#### [What the task asks]
Apart from the images, reproduce all of the data word for word.

#### [Given material]
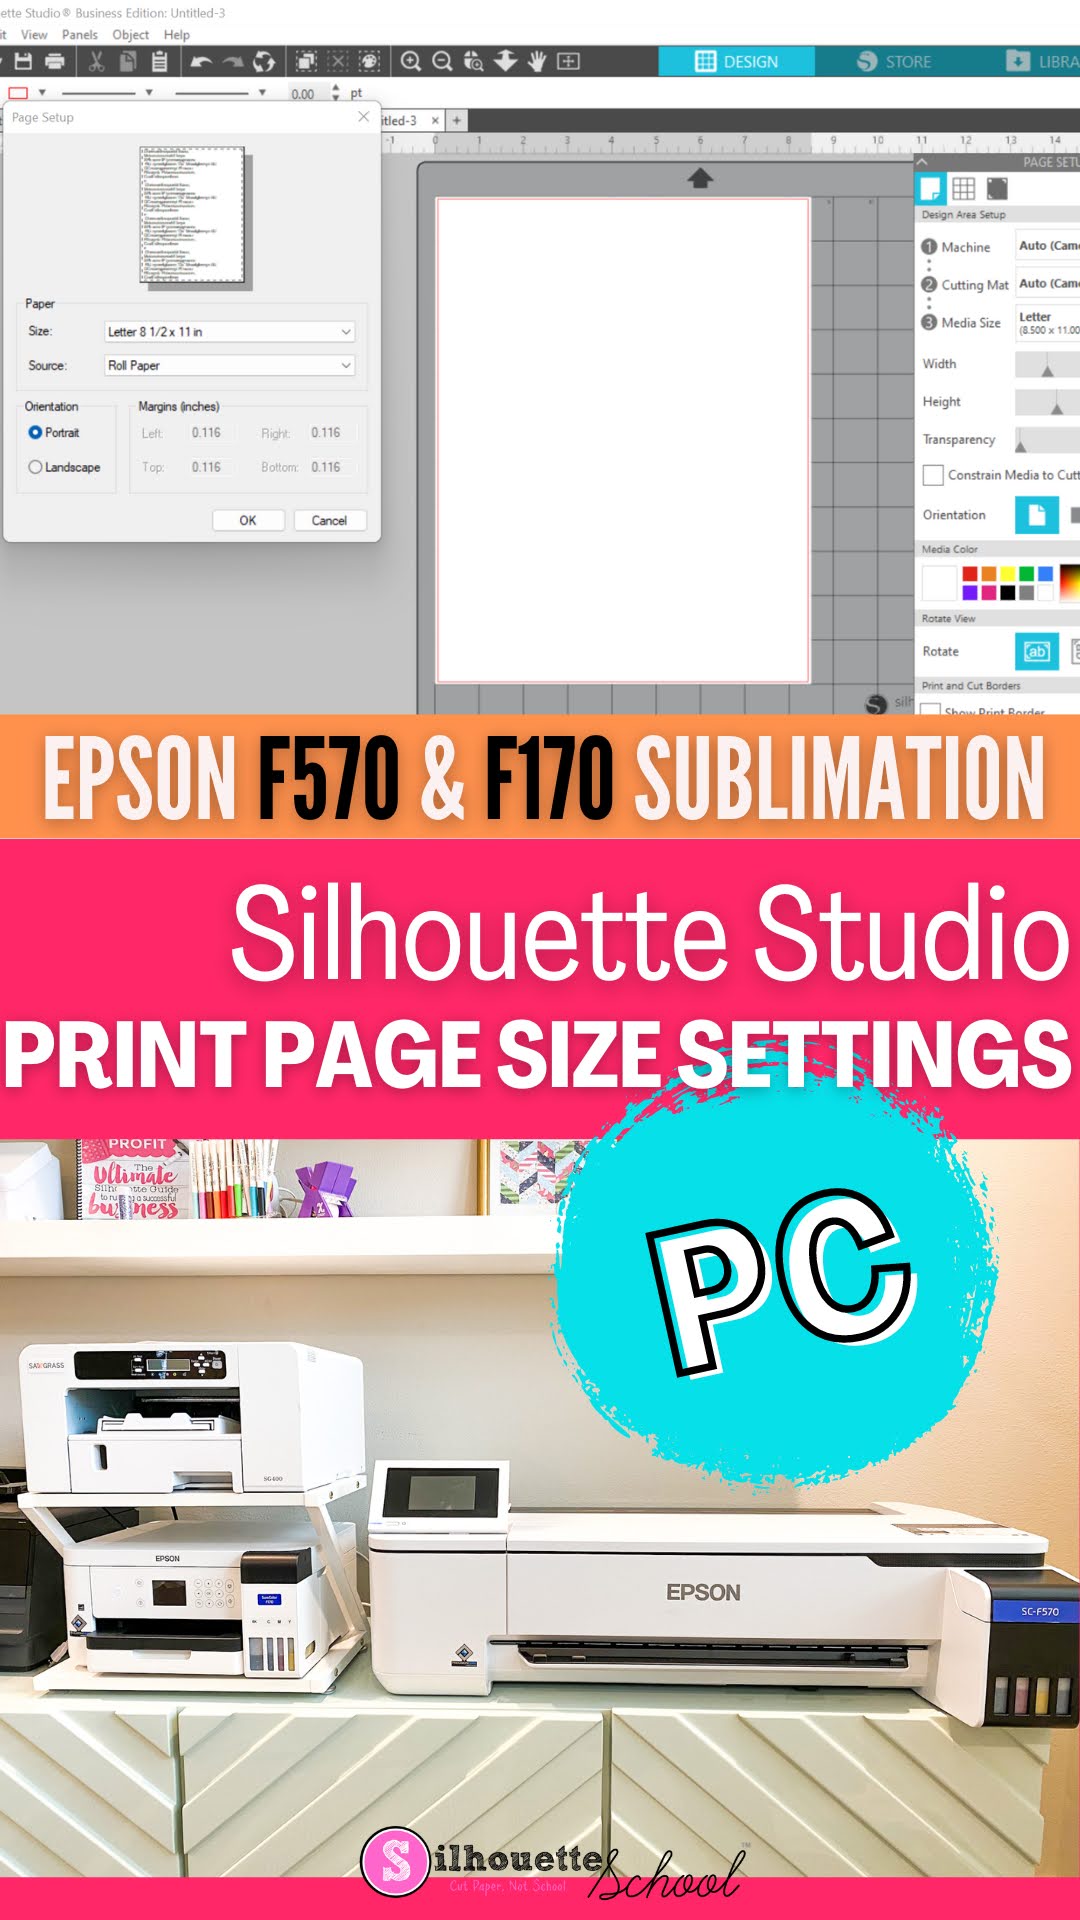 Print Settings for Mug Size sublimation paper - Epson Printer on Windows
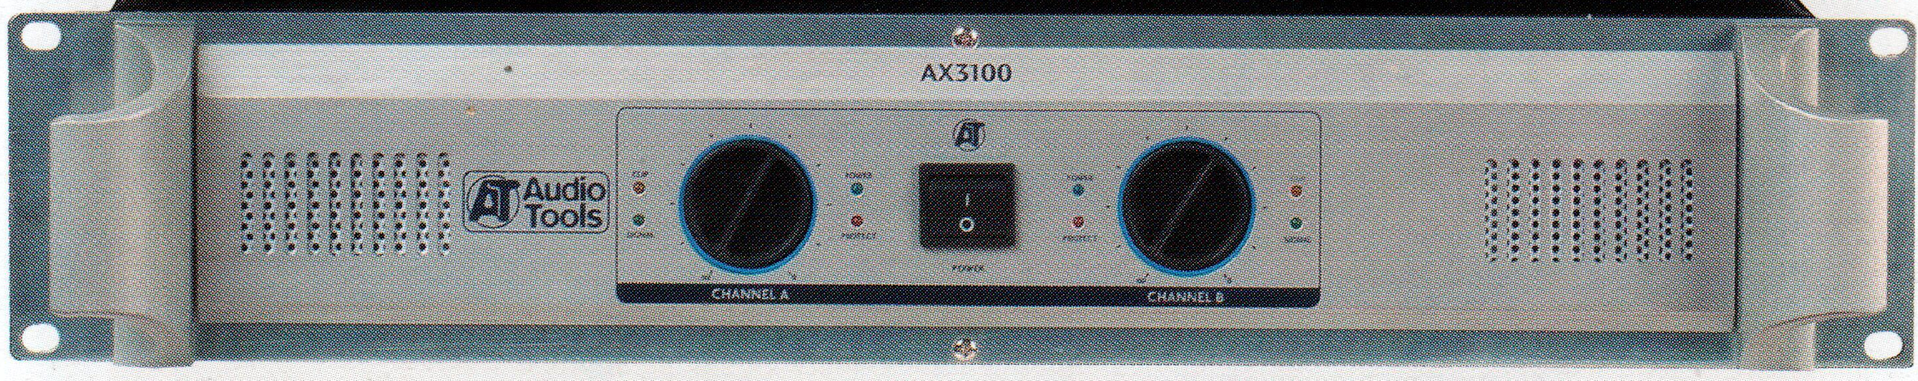 AUDIO TOOLS - AX3100 - AMPLIFICATORE 3100W
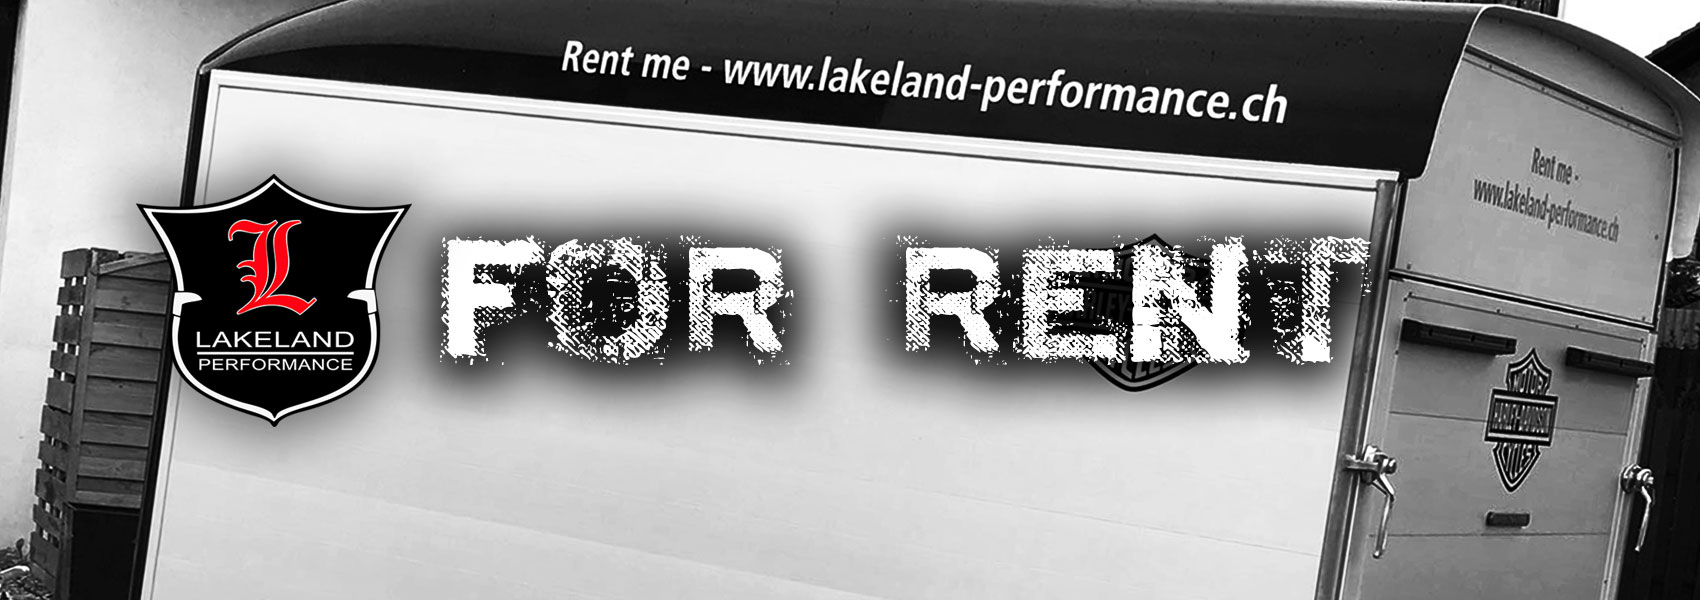 Lakeland Performance

#### [Exercise result]
 Print Settings for Mug Size sublimation paper - Epson Printer on Windows
 AUDIO TOOLS - AX3100 - AMPLIFICATORE 3100W
 Lakeland Performance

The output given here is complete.